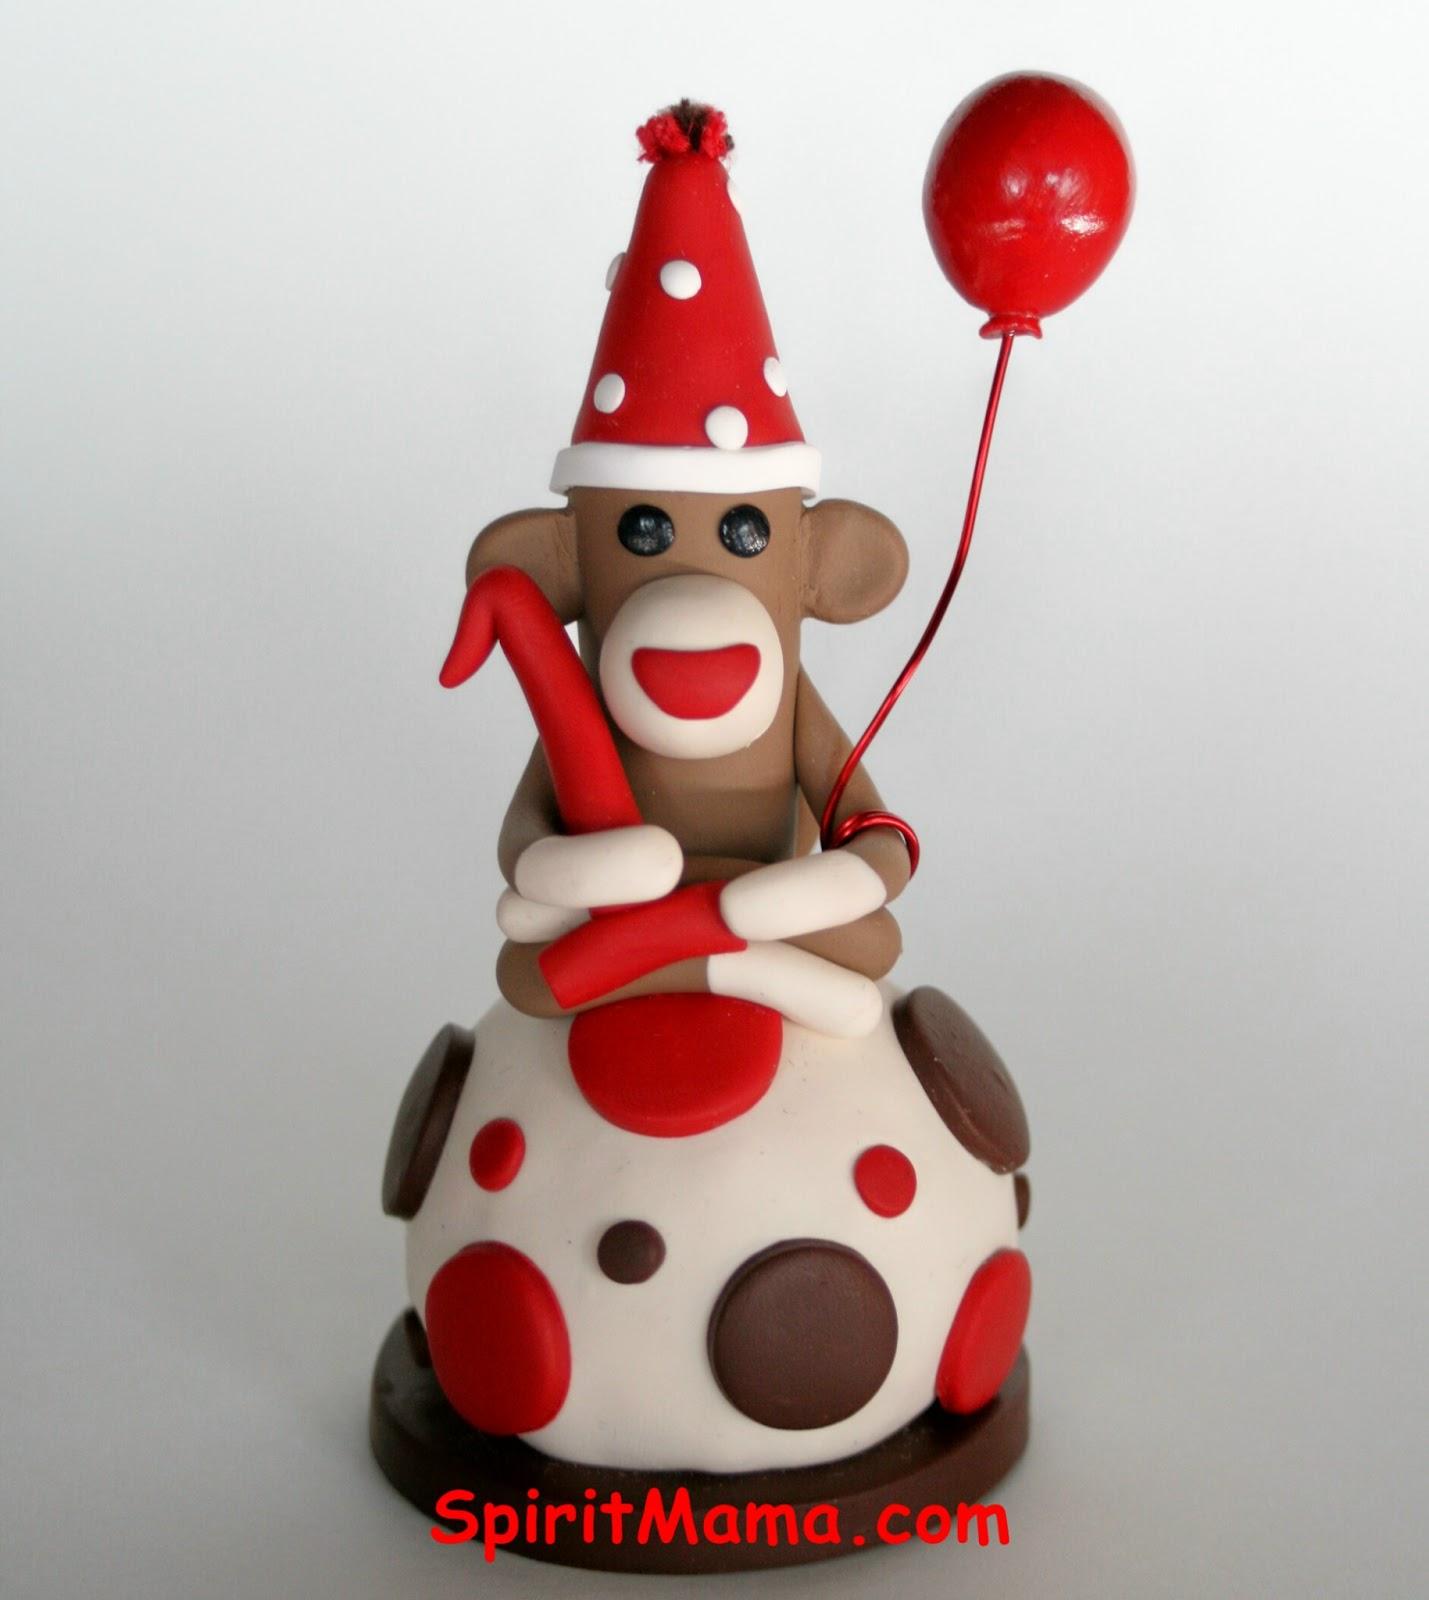 SpiritMama Art and Soul: Sock Monkey SMASH CAKE Toppers
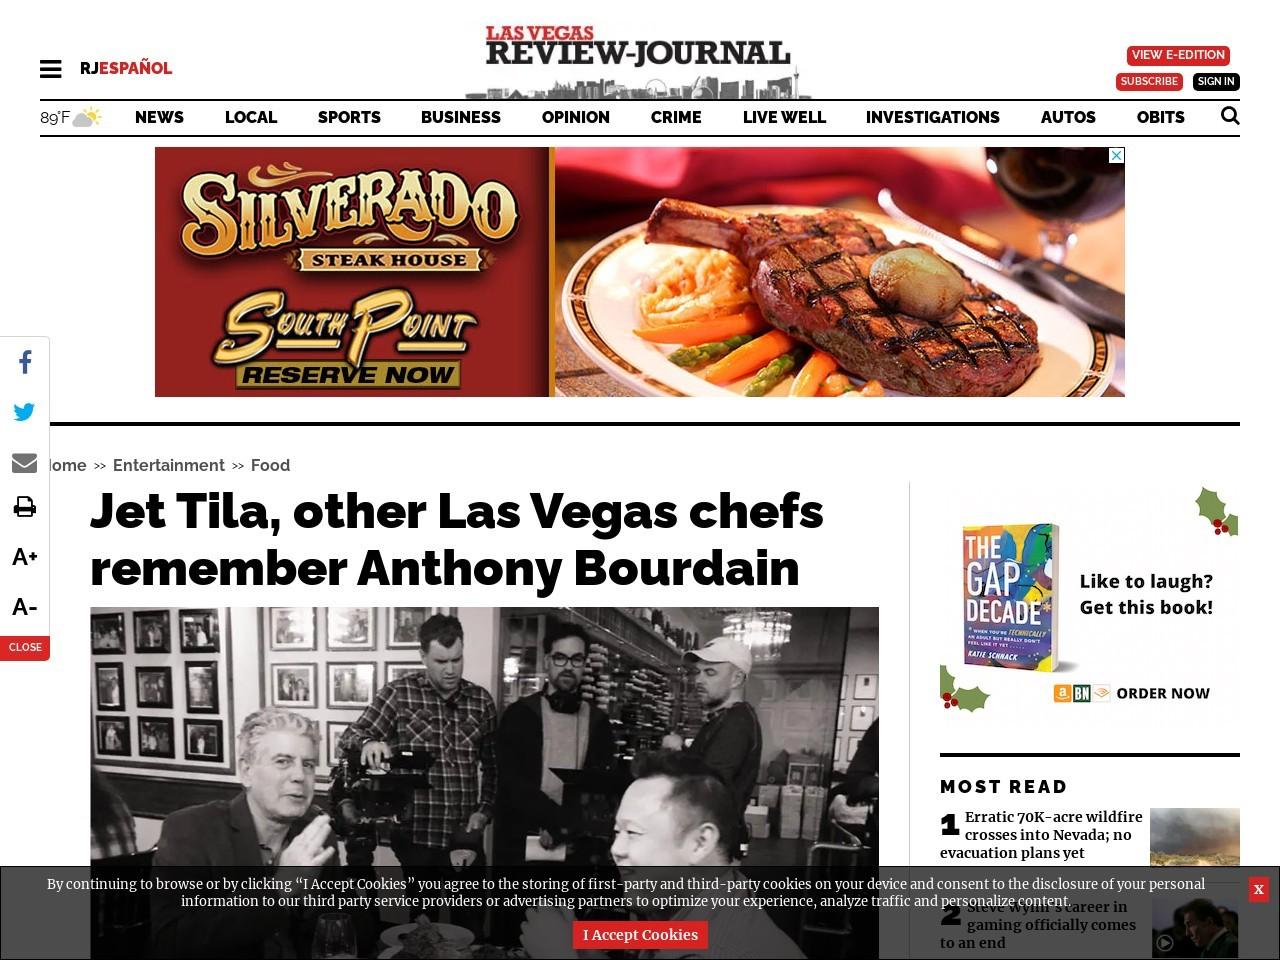 Jet Tila, other Las Vegas chefs remember Anthony Bourdain
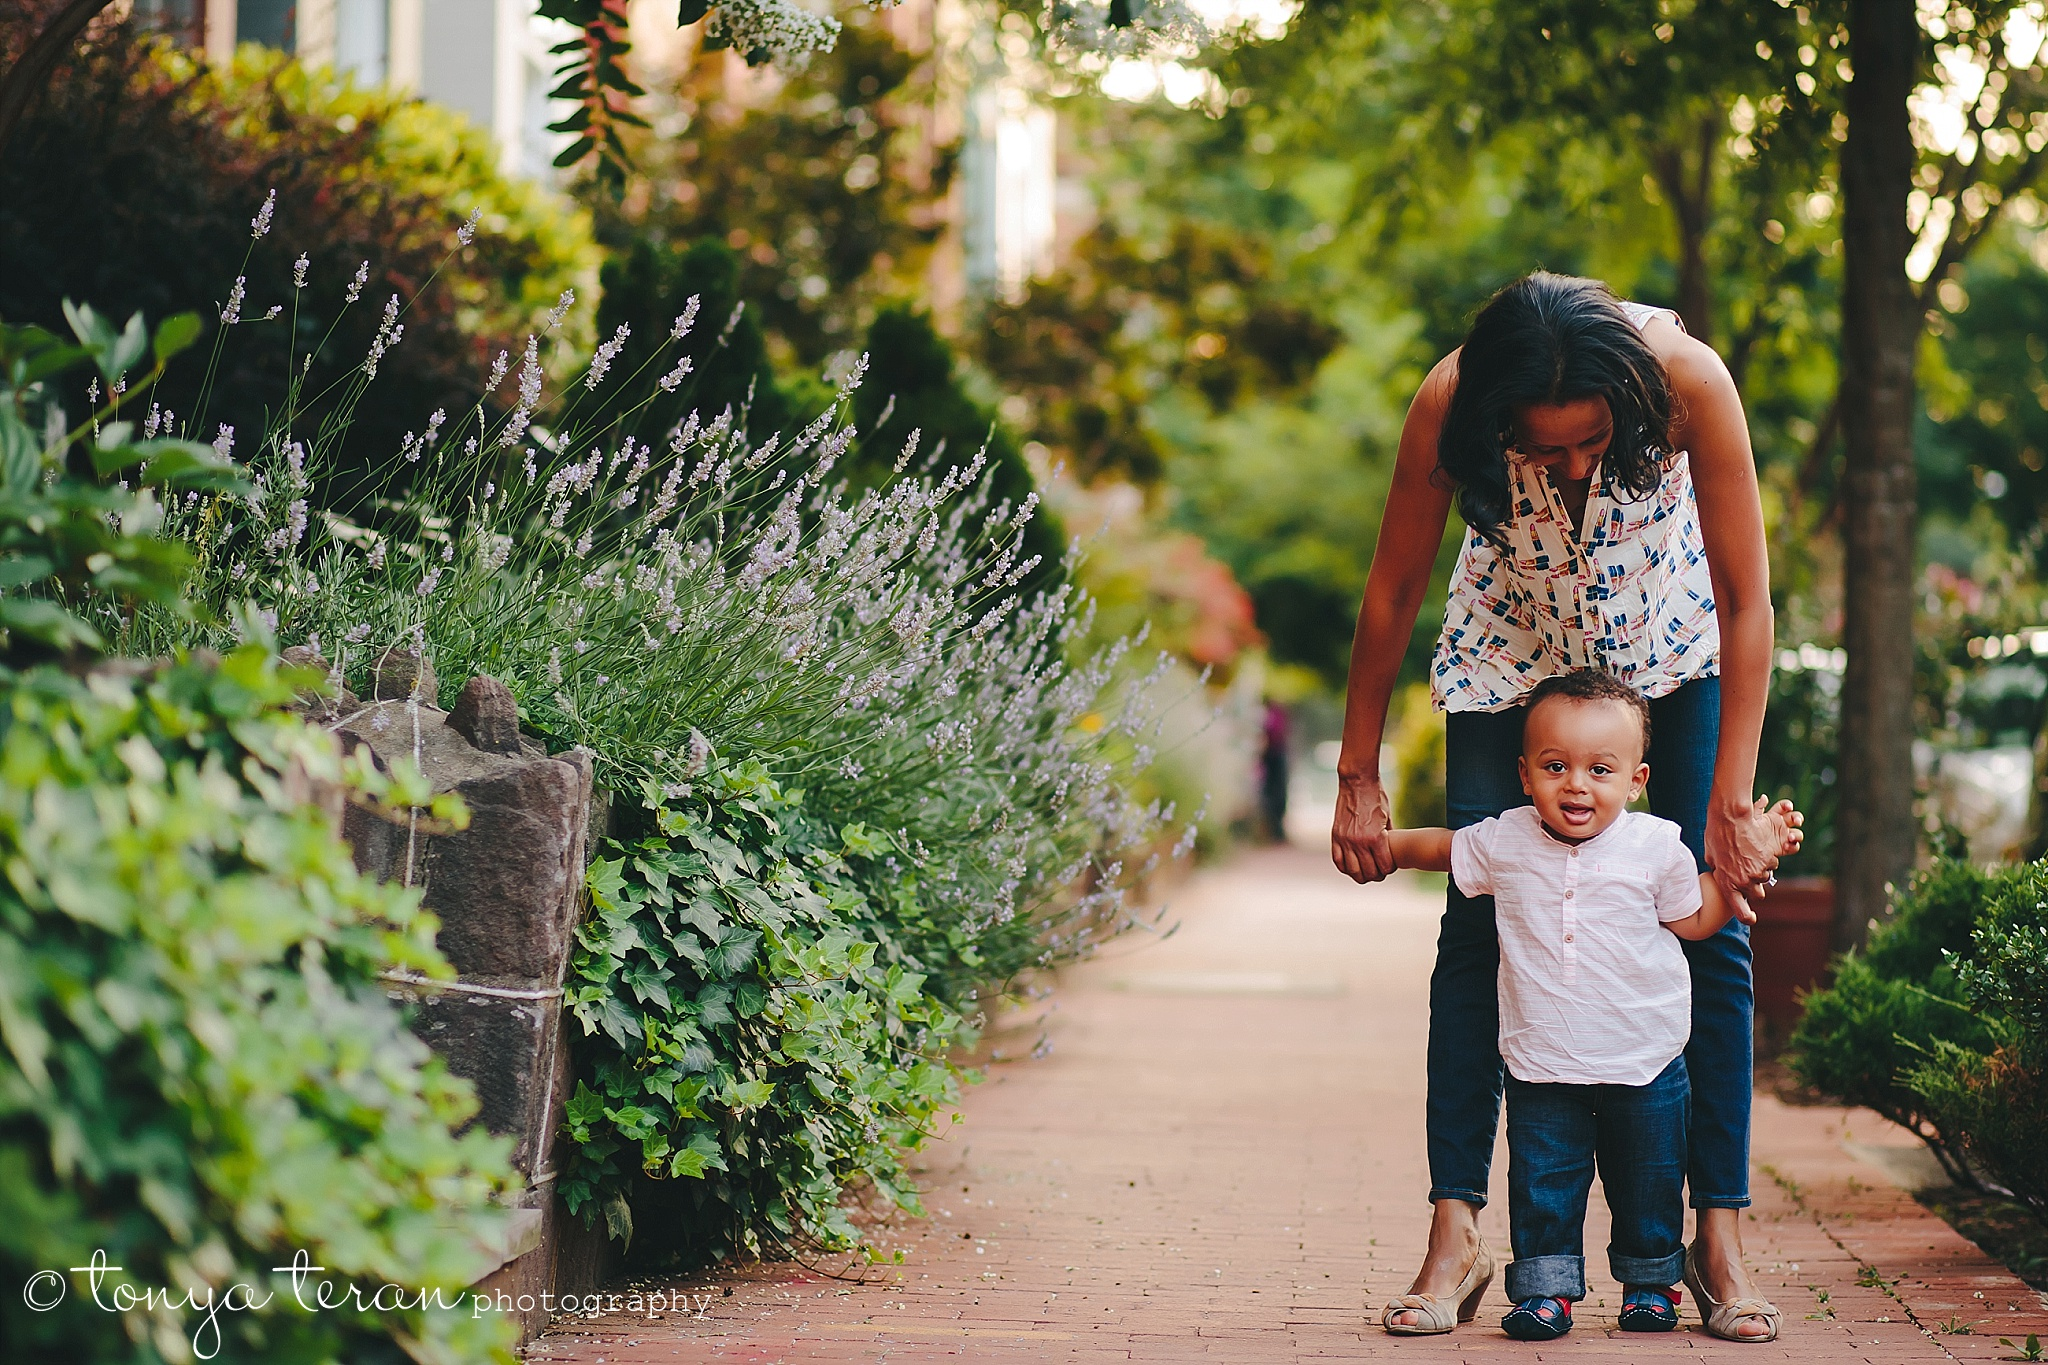 1st birthday Lifestyle Photo Session | Tonya Teran Photography, Washington, DC Newborn, Baby, and Family Photographer

WHAT YOU NEED TO DO
Repeat the listing word for word. Leave images out.

EXERCISE RESULT
 SpiritMama Art and Soul: Sock Monkey SMASH CAKE Toppers
 Jet Tila, other Las Vegas chefs remember Anthony Bourdain
 1st birthday Lifestyle Photo Session | Tonya Teran Photography, Washington, DC Newborn, Baby, and Family Photographer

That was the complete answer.